Выйдя с Хайтлодей-Мьюз, я понял, что забыл свою карту на столе у Розамунды, и вернулся. Синяя дверь позади письменного стола была открыта, и за ней оказался тесный маленький сортир. Розамунда с грохотом мочилась, распевая «Плыви, моя лодка, плыви» на иностранном языке. Я всегда думал, что женщины писают сидя, но Розамунда делала это стоя, подобрав юбку до задницы. Мой двоюродный брат Хьюго Лэм говорит, что в Америке продаются резиновые члены специально для феминисток. Может, у Розамунды такой. Ноги у нее были еще волосатей, чем у моего папы, а это, кажется, для женщины нетипично.
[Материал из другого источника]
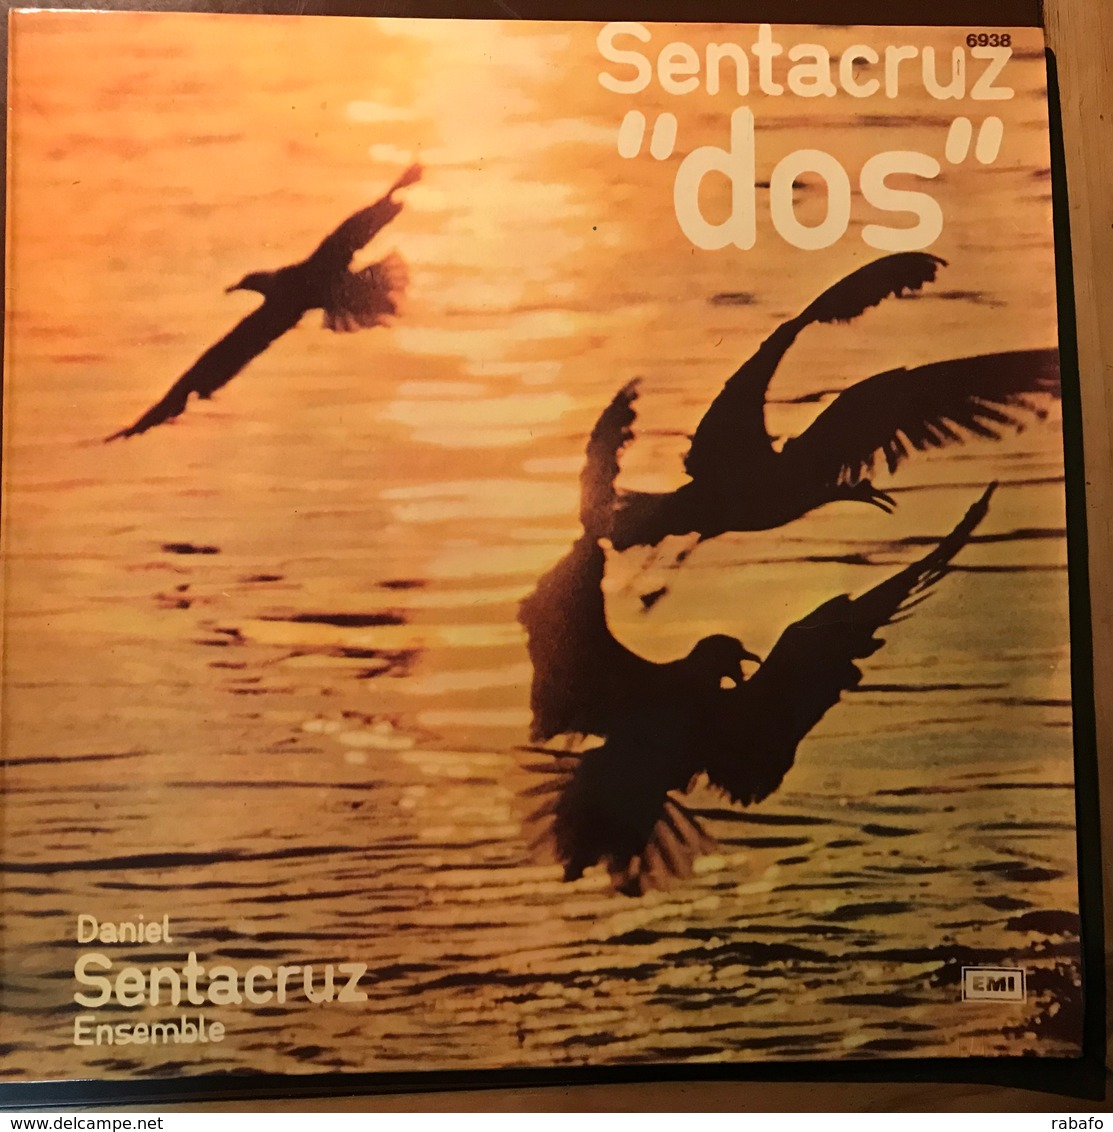 LP Argentino De Daniel Sentacruz Ensemble Año 1975 - Other - Italian Music

Я отчаянно застеснялся, поэтому взял свою карту, тихо вышел и двинулся назад к маминой галерее. Заглянул в булочную, купил сосиску в булке у недружелюбного булочника и сел ее есть в маленьком треугольном парке. Август уже кончался, и платаны стояли обтрепанные. В магазинах вывесили плакаты: «ГОТОВИМСЯ К ШКОЛЕ». Последние дни свободы тарахтят, как почти пустая жестянка «тик-таков».
До сегодняшнего дня я думал, что заменить дедушкину «Омегу» несложно, надо лишь найти такую же. Но теперь оказалось, что для этого нужны сотни фунтов. Я жевал сосиску и думал о том, как: а) соврать, объясняя исчезновение часов, б) сделать так, чтобы виноват был не я, и в) придумать такую ложь, которая была бы неуязвимой для вопросов.
Невозможно.
Сосиски в булочке очень вкусные, когда только начинаешь их есть, но к тому времени, как сосиска заканчивается, она становится похожа вкусом на перченый свиной член. Если верить Джулии, то сосиски именно из этого и делают.
Магазин маминой подруги Ясмины Мортон-Буддит называется «La Boîte aux Mille Surprises»[20]
. Он принадлежит Ясмине Мортон-Буддит, но управляют им мама с помощницей по имени Агнес. (Папа в шутку называет магазин «Ля Буэ», но на самом деле это произносится «ля буат» и означает «коробка».) «La Boîte aux Mille Surprises» – наполовину магазин, наполовину галерея. В той половине, где магазин, продают всякие вещи, которые обычно нельзя купить за пределами Лондона. Чернильные ручки из Парижа, шахматы из Исландии, атомные часы из Австрии, украшения из Югославии, маски из Бирмы. В задней комнате – галерея. Покупатели приезжают сюда со всей Англии, потому что Ясмина Мортон-Буддит знакома с художниками всего мира. Самая дорогая картина, которая сейчас висела в магазине, – художника Фолькера Ольденбурга. Он творит современную живопись в картофельном погребе в Западном Берлине. Я не очень понял, что было изображено на этой картине, которая называлась «Туннель № 9», но она стоила 1950 фунтов.1950 фунтов – это 13 лет карманных денег.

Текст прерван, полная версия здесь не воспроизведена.